Action item: For the data below, transcribe the part that opens with the line containing "skateboard rack with locks - Spartan" and closes with the line containing "Brasher Brasher Mens", exactly and with no pictures.

Materials provided:
========

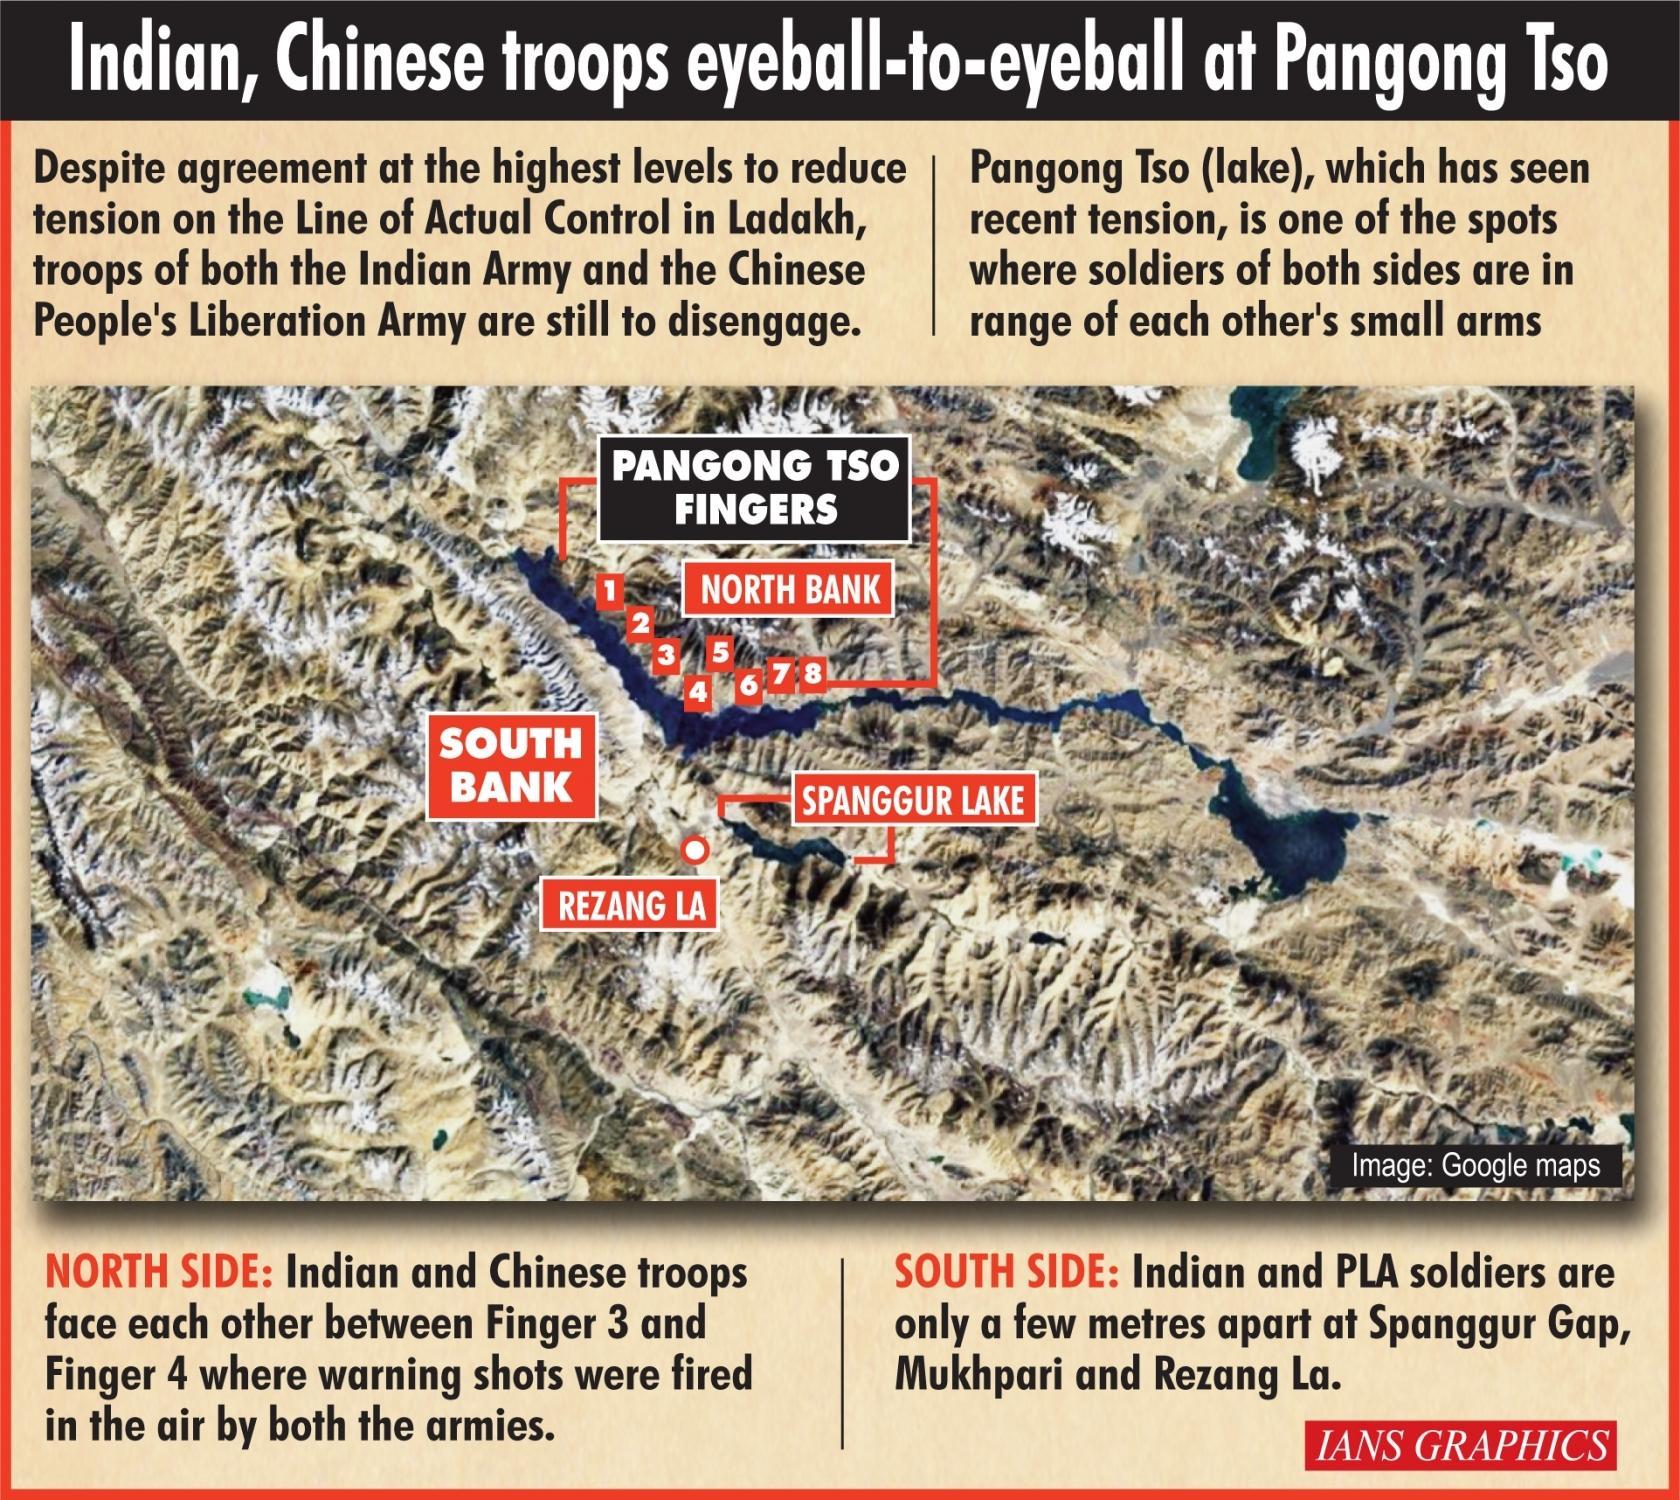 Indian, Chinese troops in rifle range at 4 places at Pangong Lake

========

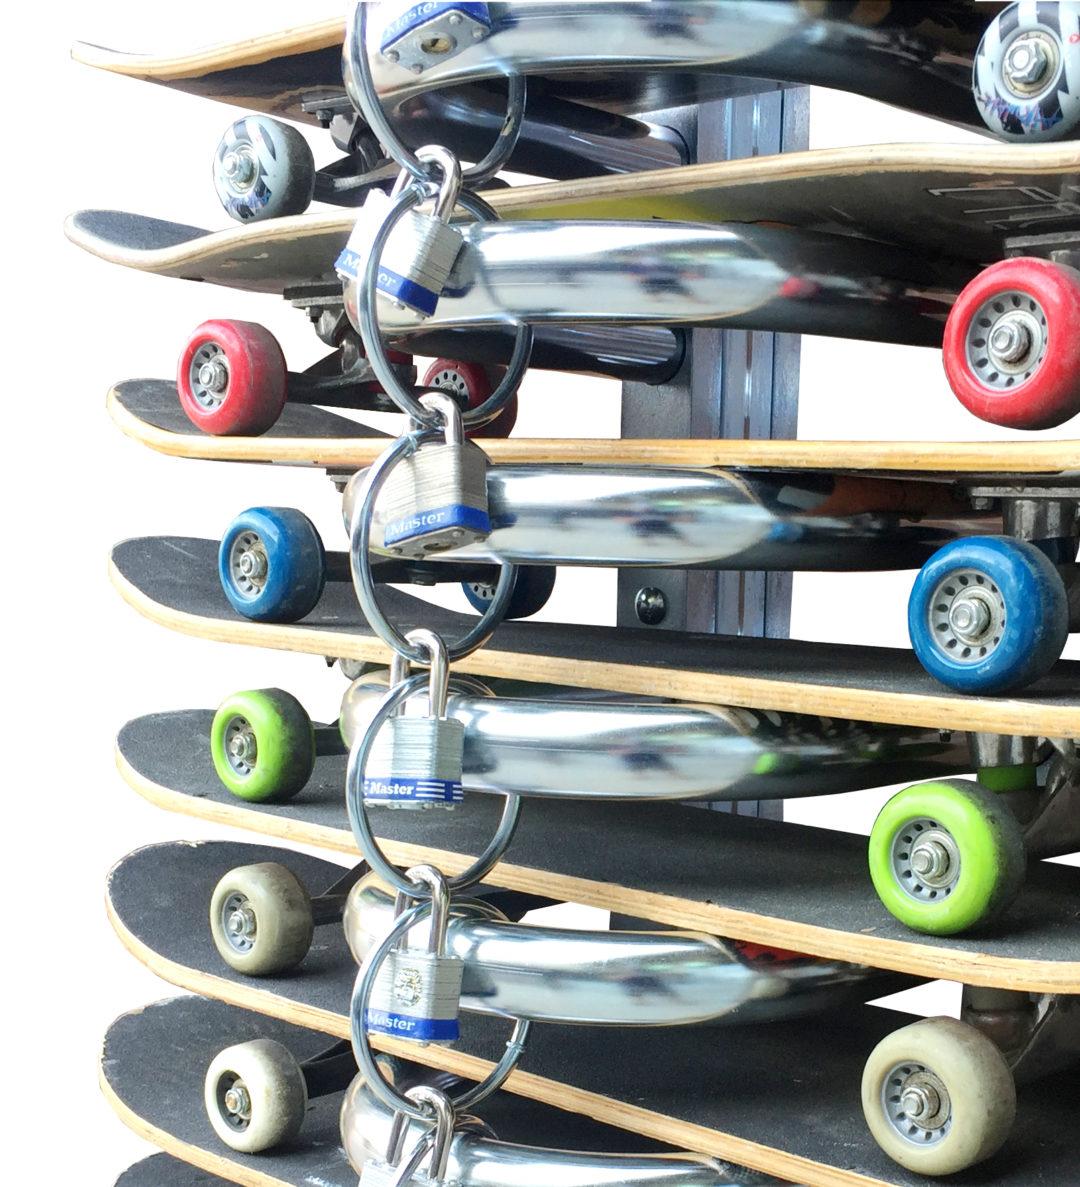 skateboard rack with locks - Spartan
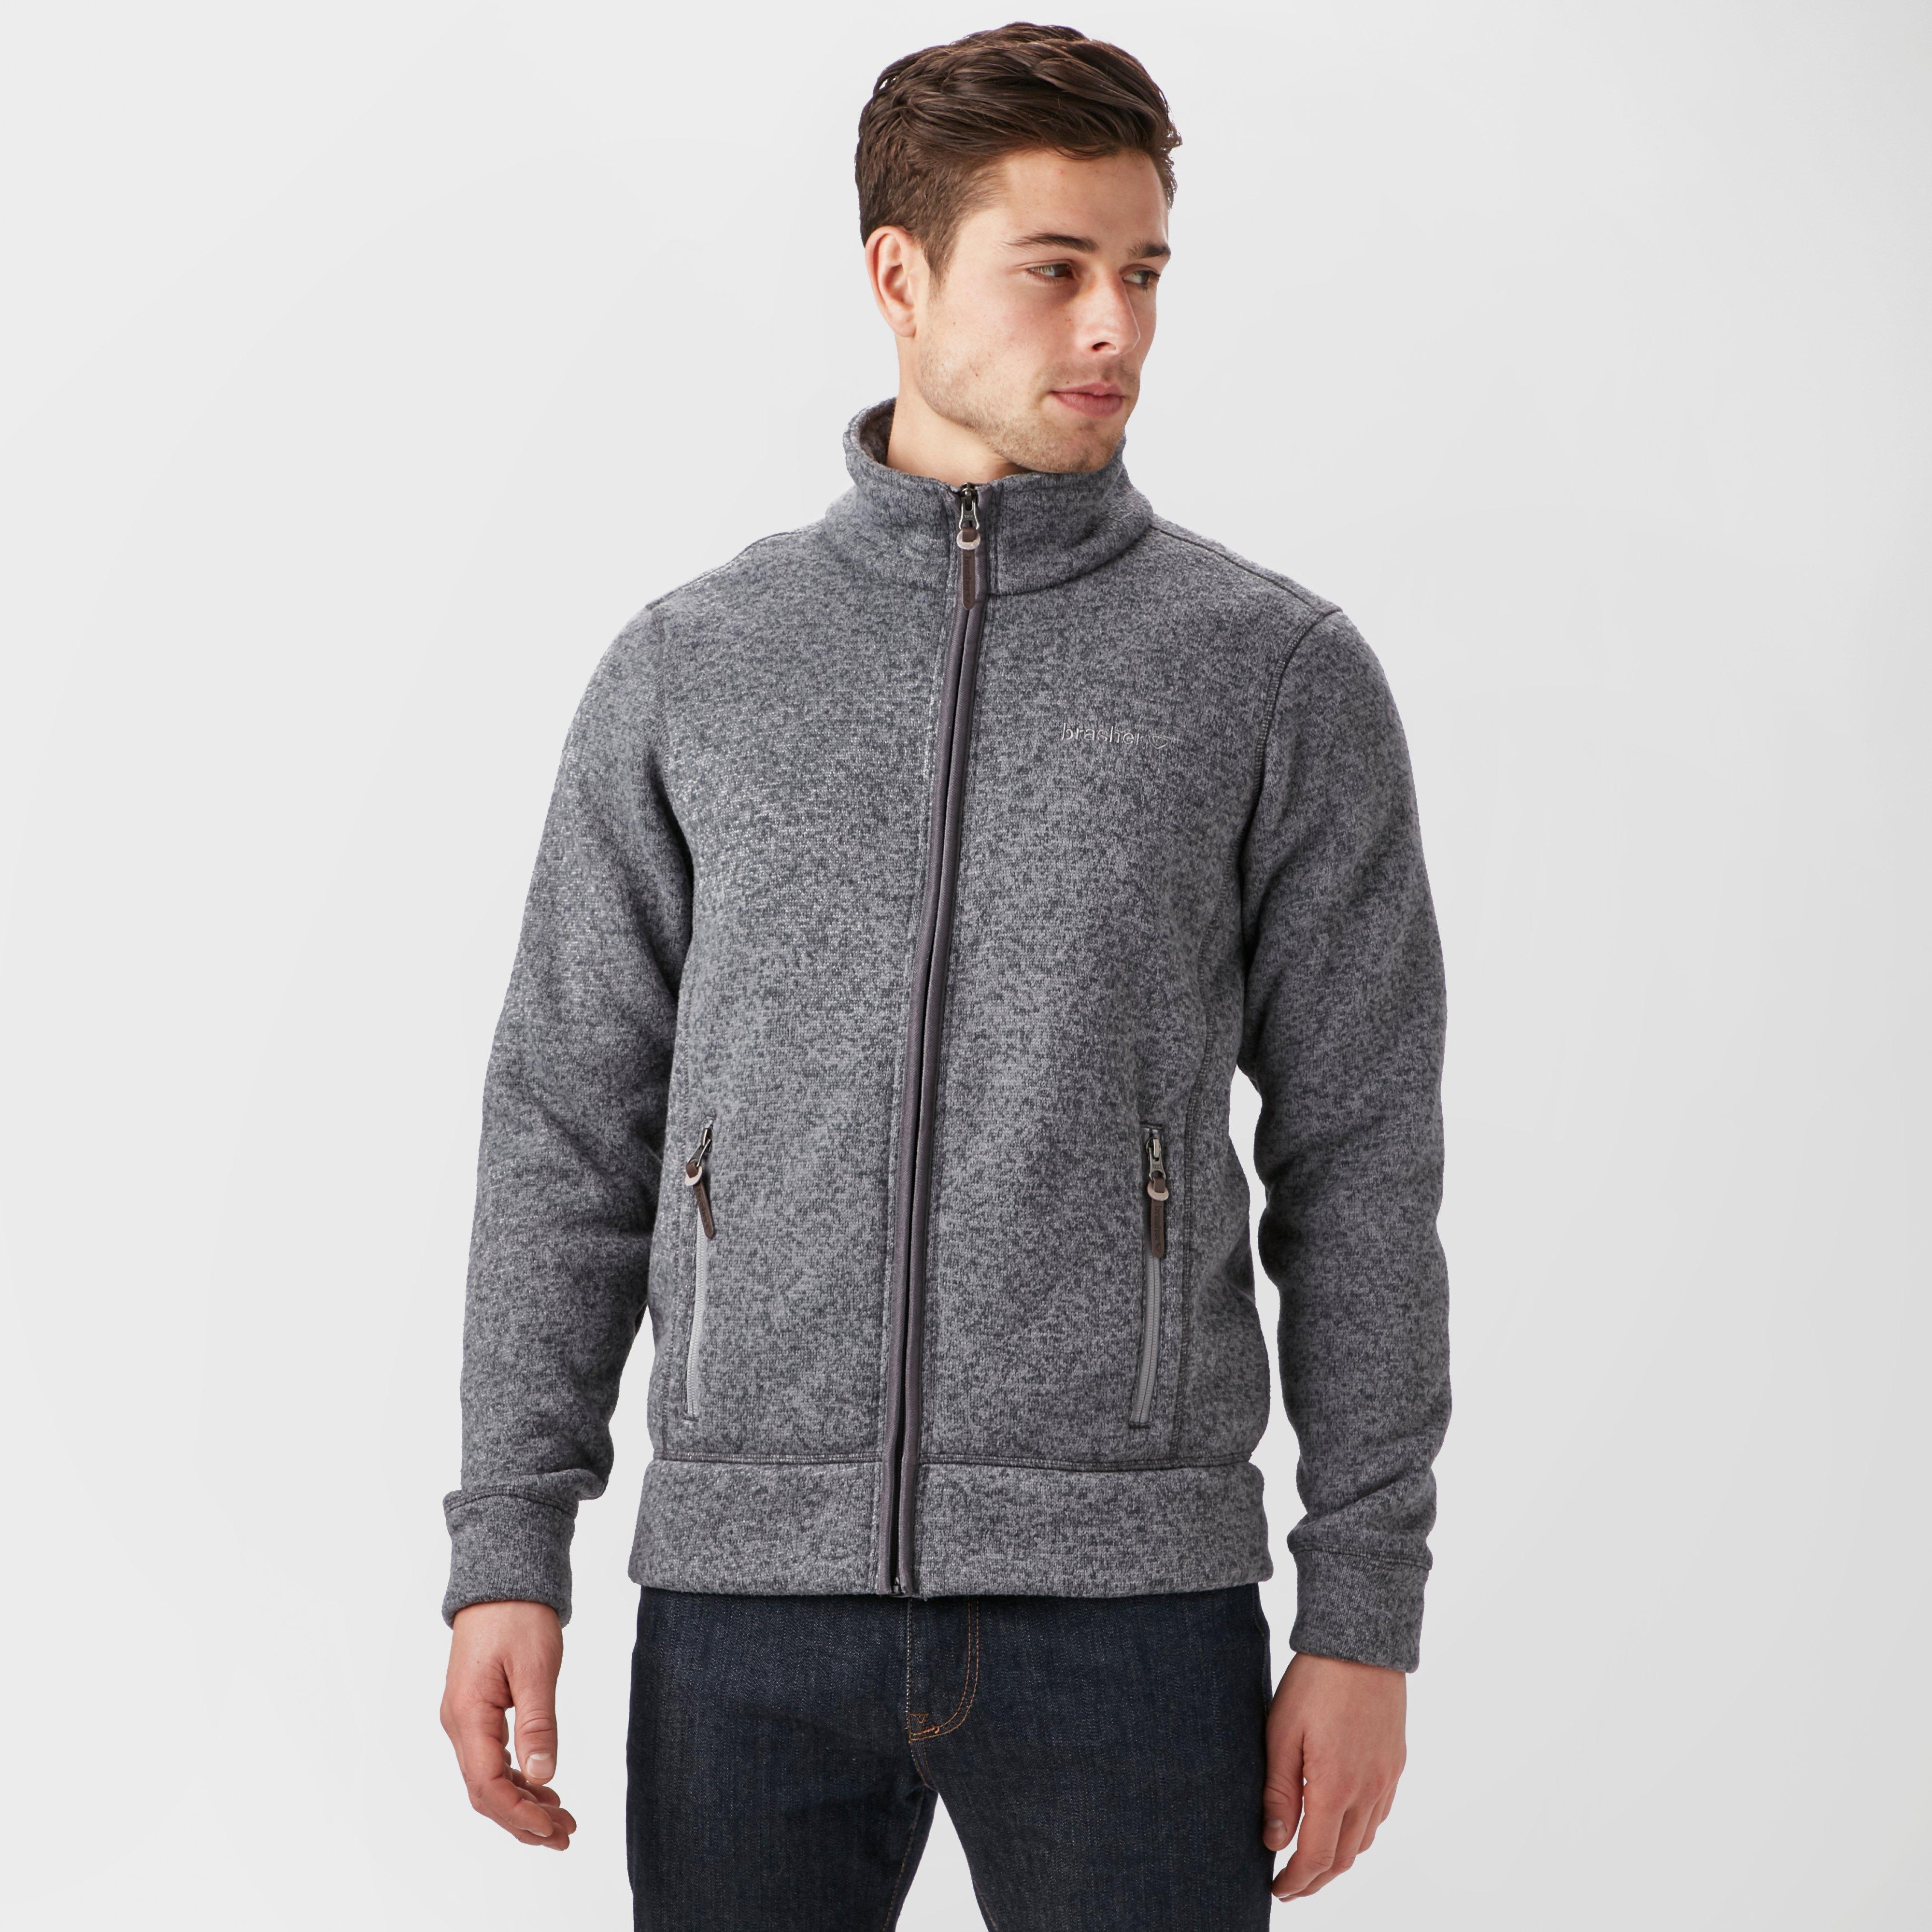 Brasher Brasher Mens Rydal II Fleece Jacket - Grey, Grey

========

Written response:
 skateboard rack with locks - Spartan
 Brasher Brasher Mens Rydal II Fleece Jacket - Grey, Grey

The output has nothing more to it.